SSRs or microsatellites create and maintain genetic variations and play an active role in genome evolution23. However, little is known regarding SSRs in fungi. Therefore, a high-throughput SSR search to identify mono- to hexanucleotide SSR motifs in the A. rabiei genome was performed. In total, 4,259 SSRs, including 615 compound SSRs were identified in 307 scaffolds (Supplementary Table 8). Relative number of the SSRs was 123.09/Mb with 2,875.02 bp/Mb coverage. Trinucleotide SSRs were the most common SSR type in the genome assembly with 1,571 in number, representing nearly 36% of all SSRs (Supplementary Fig. 12a, Supplementary Table 9). They showed the highest relative abundance and relative density (Supplementary Fig. 12b,c). Of all compound SSRs, 432 interrupted SSRs (C) constituted 96.4% of the compound SSRs. In contrast, only 16 uninterrupted SSRs (C*) were found (Supplementary Table 10). The dinucleotide AG repeats were found to be the predominant, followed by trinucleotide CAC repeats (Supplementary Table 11). The SSRs, specifically the most abundant repeats, are known to have potential in contributing to the evolution of the genome. However, different fungal species have their own specific profile for SSRs type, abundance, occurrence and motif, which is independent of their genome sizes24.

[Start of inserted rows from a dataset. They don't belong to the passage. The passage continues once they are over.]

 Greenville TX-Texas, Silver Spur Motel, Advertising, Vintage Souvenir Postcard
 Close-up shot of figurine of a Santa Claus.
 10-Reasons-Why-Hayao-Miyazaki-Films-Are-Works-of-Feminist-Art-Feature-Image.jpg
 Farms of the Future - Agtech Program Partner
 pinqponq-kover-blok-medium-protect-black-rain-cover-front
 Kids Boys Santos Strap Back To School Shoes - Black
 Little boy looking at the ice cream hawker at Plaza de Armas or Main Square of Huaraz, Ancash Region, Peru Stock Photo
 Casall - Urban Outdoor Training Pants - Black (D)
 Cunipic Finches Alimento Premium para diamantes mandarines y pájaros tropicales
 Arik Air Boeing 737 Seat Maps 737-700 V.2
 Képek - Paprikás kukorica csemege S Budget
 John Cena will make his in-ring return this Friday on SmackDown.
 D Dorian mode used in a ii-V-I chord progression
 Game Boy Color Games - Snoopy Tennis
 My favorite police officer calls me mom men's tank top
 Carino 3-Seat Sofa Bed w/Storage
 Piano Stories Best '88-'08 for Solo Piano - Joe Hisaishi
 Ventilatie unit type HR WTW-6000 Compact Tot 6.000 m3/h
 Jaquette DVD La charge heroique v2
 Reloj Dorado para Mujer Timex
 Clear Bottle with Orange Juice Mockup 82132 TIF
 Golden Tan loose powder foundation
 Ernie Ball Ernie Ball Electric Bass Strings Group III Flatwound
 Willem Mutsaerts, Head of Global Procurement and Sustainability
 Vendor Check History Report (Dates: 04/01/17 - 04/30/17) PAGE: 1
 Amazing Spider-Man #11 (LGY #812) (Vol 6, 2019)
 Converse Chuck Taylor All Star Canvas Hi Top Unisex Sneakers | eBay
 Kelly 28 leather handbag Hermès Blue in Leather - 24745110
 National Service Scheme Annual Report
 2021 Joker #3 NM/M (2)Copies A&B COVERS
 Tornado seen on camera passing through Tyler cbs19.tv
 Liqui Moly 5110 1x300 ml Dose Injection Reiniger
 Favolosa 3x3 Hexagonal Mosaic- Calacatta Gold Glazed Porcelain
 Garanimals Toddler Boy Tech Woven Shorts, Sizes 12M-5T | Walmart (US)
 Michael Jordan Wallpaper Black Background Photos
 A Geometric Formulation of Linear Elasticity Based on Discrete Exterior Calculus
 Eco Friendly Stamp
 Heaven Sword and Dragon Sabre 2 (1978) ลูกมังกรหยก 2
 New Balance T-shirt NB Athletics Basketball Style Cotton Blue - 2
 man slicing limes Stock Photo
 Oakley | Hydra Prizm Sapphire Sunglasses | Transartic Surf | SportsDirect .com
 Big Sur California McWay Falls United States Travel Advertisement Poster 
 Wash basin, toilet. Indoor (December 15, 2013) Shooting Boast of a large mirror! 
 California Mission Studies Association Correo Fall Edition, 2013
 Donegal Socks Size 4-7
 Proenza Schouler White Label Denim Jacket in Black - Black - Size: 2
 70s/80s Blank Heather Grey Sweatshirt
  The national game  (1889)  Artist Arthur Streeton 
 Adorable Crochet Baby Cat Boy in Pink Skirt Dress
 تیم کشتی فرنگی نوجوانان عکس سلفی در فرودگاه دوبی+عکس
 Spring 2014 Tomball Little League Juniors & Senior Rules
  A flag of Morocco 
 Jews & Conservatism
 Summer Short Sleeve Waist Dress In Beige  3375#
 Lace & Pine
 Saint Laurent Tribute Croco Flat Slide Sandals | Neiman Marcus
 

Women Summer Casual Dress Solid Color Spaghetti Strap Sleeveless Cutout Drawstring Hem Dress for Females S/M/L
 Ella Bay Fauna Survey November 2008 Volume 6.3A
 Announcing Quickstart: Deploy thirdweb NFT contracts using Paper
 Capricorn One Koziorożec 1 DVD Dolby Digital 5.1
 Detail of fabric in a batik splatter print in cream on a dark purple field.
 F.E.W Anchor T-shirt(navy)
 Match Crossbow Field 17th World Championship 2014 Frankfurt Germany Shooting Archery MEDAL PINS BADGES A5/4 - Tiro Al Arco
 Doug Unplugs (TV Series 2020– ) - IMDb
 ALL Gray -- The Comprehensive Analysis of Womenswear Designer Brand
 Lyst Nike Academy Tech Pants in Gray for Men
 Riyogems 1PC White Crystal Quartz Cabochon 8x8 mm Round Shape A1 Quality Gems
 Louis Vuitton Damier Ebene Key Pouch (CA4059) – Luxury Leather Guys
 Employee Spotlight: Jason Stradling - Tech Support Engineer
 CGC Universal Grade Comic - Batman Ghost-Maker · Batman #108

Comparisons with other fungal genomes

The predicted proteome of A. rabiei was compared with a few closely related Dothideomycetes, i.e., Cochliobolus heterostrophus, Pyrenophora tritici-repentis and Stagonospora nodorum. OrthoMCL analysis showed that 6,432 (60.7%) of A. rabiei predicted proteins had orthologs in these three fungal species, while 693 (6.5%) predicted proteins were unique (Fig. 2b). Interestingly, 693 unique proteins were predicted to encode 53 glycoside hydrolases (GHs) (Supplementary Fig. S13, Supplementary Table 12). A large number of predicted proteins exhibited very high sequence similarity with those of necrotrophic wheat pathogen S. nodorum (6,701, 63.2%), indicating it as the nearest species among the selected fungi (Supplementary Data 4). Phylogenetic analysis of A. rabiei along with other 21 selected fungal species (20 Dothideomycetes and one Eurotiomycetes outgroup) also suggested that A. rabiei was closely related to S. nodorum (Fig. 3).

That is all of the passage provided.